Our primary outcome was severe COVID-19, defined as hospitalization or mortality. Outcome data were retrieved from national registries (Statistics Netherlands) [7]. We focused on events during the first 2 years of the pandemic (between 1 January 2020 and 31 December 2021), given the widespread vaccination uptake afterward and to limit the effects of differing pathogenicity of circulating SARS-CoV-2 variants (eg, patients hospitalized with Omicron are older, of different ethnic backgrounds, and have more comorbidities) [8].
We assessed associations between our outcome and 3 predefined gut microbiota features: community composition (β-diversity and individual genera), community diversity, and the cumulative relative abundance of key butyrate-producing bacteria (given the loss of butyrate producers in hospitalized patients with COVID-19 and the protective effects of butyrate in animal experiments) [1, 2, 4–6]. Butyrate-producing taxa were categorized as previously described, which accurately predicts fecal butyrate concentrations (Pearson r = 0.76) [7, 9, 10]. Time-to-event analyses with Cox proportional hazards models were used to examine the relationship between the primary outcome and individual genera (restricted to genera with a minimum abundance of 0.005% in at least 10% of participants), microbiota diversity, or butyrate-producing bacteria. Relative abundances were centered log ratio transformed to correct for the inherent compositional nature of microbiome data. To adjust for potential confounders, multivariable models included baseline age, sex, ethnicity, body mass index, time between baseline and 1 January 2020, and comorbidities (hypertension, diabetes, and cancer, as well as cardiovascular, pulmonary, and gastrointestinal disease).
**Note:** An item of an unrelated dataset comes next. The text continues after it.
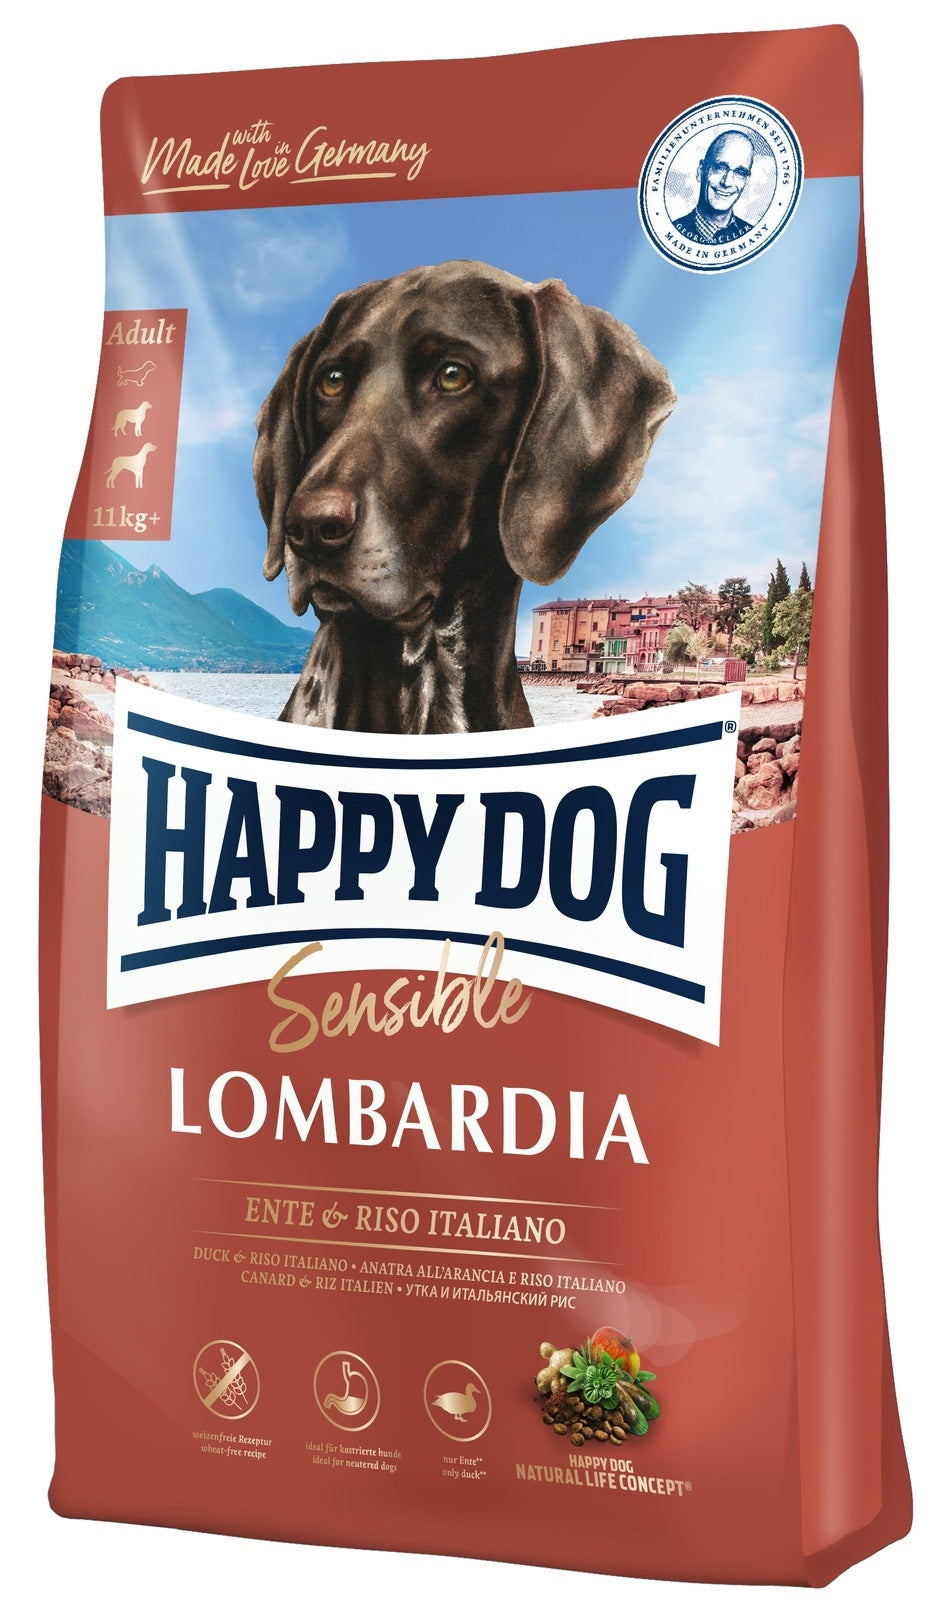 Happy Dog Sensible Lombardia - zoo.de
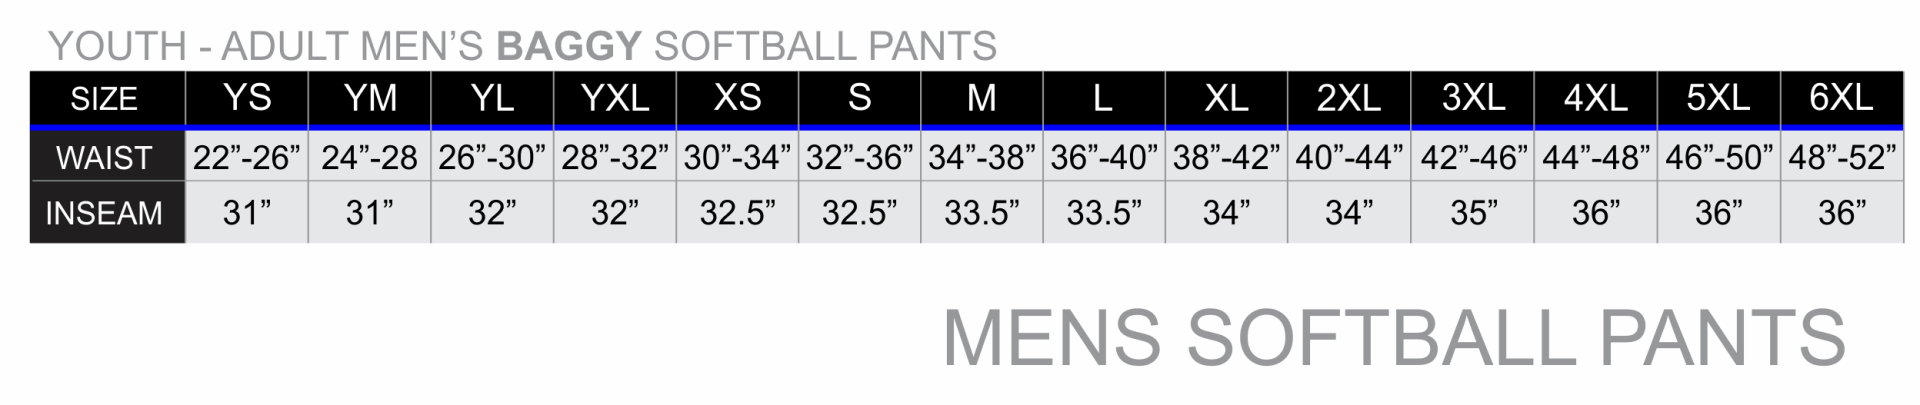 All over print men's softball pants sizing chart zexez

Additionally, we used nationwide SARS-CoV-2 testing data to compare the microbiota of participants with severe COVID-19 against those with mild to moderate SARS-CoV-2 infection (ie, positive polymerase chain reaction result not resulting in hospitalization or mortality). The χ^2^ test was used to compare categorical variables. Continuous variables were compared with Wilcoxon rank sum tests. Two-tailed level of significance was set at P < .05.
RESULTS
In total, 5084 HELIUS participants had gut microbiota sequenced, consented for linkage with national registries, and were alive at 1 January 2020. During follow-up, 73 participants reached the primary outcome (COVID-19–related hospitalization or mortality). Participant characteristics are depicted in Table 1. Characteristics subset by several clinical and microbiota features are provided in the supplementary material.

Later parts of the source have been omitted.